The press is under attack. It is accused of disseminating fake news, invasion of privacy, distortions, half-truths and conspiracy theories. Journalists are demonised, denigrated, locked up and even murdered.
The media has always faced such problems. Power brokers pay lip service to press freedom but are, at best, reluctant supporters. In rare rational moments they acknowledge its value. But they throw up barriers the moment the media spotlight shines on their unsavoury activities.
The press has always managed to see off such opposition because the courts were behind it, and because its operations were based on sound commercial foundations. The former is still true, but changing in countries where populist governments are twisting the law. The latter is definitely no longer the case. The media’s commercial base is rapidly eroding and public interest is suffering as a result.
For three centuries the press prospered, and it is no coincidence that those same three centuries saw the fastest growth and the greatest advances in science, technology and political thought in the history of mankind. Newspapers and magazines have been a channel through which flowed world-changing ideas and information.
By the turn of the twentieth century every city in the world had at least one newspaper. Commercial restrictions were dictated largely by geography and technology. General circulation of the New York Times and Washington Post were limited to a radius of about 100 miles from their respective printing plants because that was how far the newspaper lorries could drive in the time available. The British London papers did not achieve a national reach until the development of the railways.
Market forces dictated that the editorial content reflected the varied interests of the readers in the respective geographic areas. New Yorkers read about events in New York with a focus on the business and financial world. The Washington Post was the paper to read for American government happenings. The national distribution of the London newspapers were different. They pointed the way to a readership base based on ideology rather than geography.

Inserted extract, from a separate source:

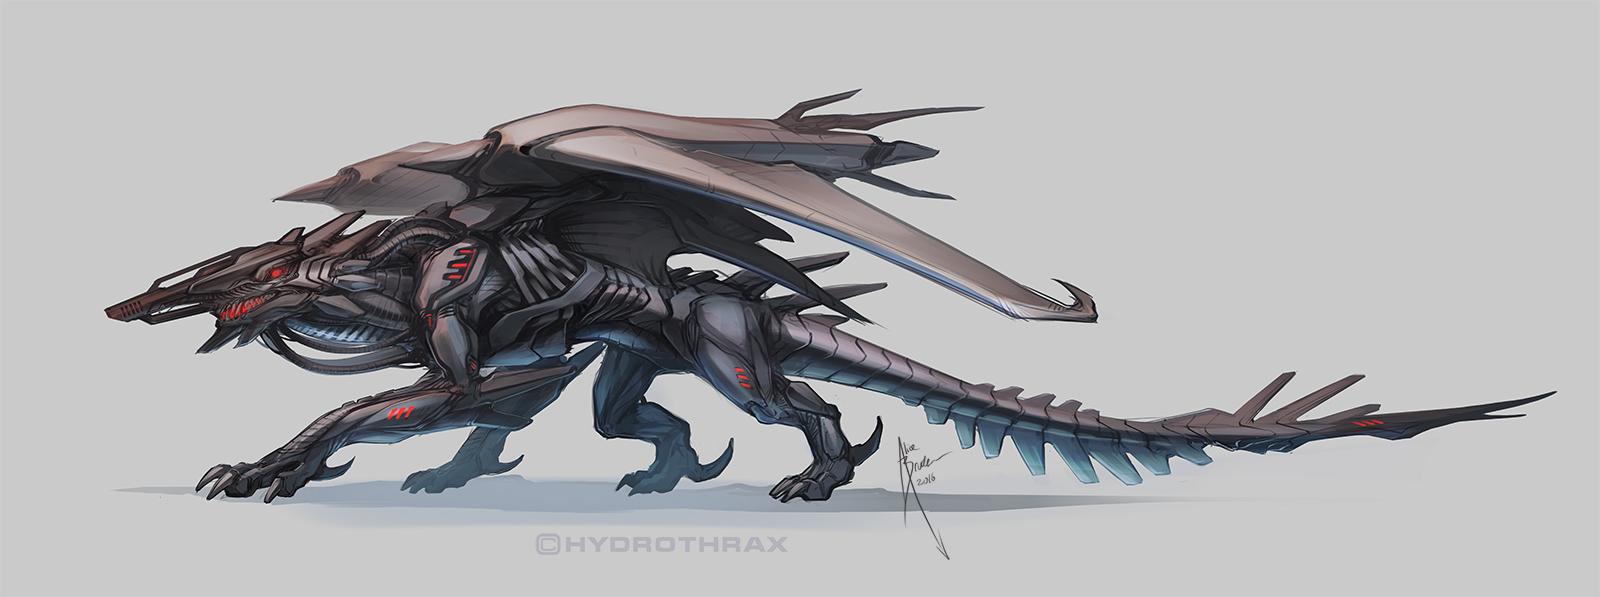 Gunface Dragonmech by Hydrothrax

Then along came the broadcasters. The received wisdom was that they would destroy the printed word. Wrong. They complemented it. If stories broke in print they were reported on air. If they broke on air they were analysed in print.
That was not the case with the internet. Within a few short years the creation of Sir Tim Berners-Lee has brought both the broadcast and print media to their knees.
The ultra-fast global internet turned news into an instant on demand commodity and abolished geographic limitations at the click of a mouse. In doing so it undermined the differentiated markets of the press. It also lowered the economic entry threshold. Now, anyone with a computer and an internet connection can enter a world that was previously reserved for deep-pocketed billionaires.
In theory this was a good thing. And much good has come from it. Then cyber space started to fill with lies, half-truths, and conspiracy theories leavened with an underlying message of hate, bigotry and racism. These news sites survived either because their owners were more interested in their cause than profit, or because a global reach coupled with free distribution meant they would almost always find a big enough audience to attract advertisers if their content was outrageous enough.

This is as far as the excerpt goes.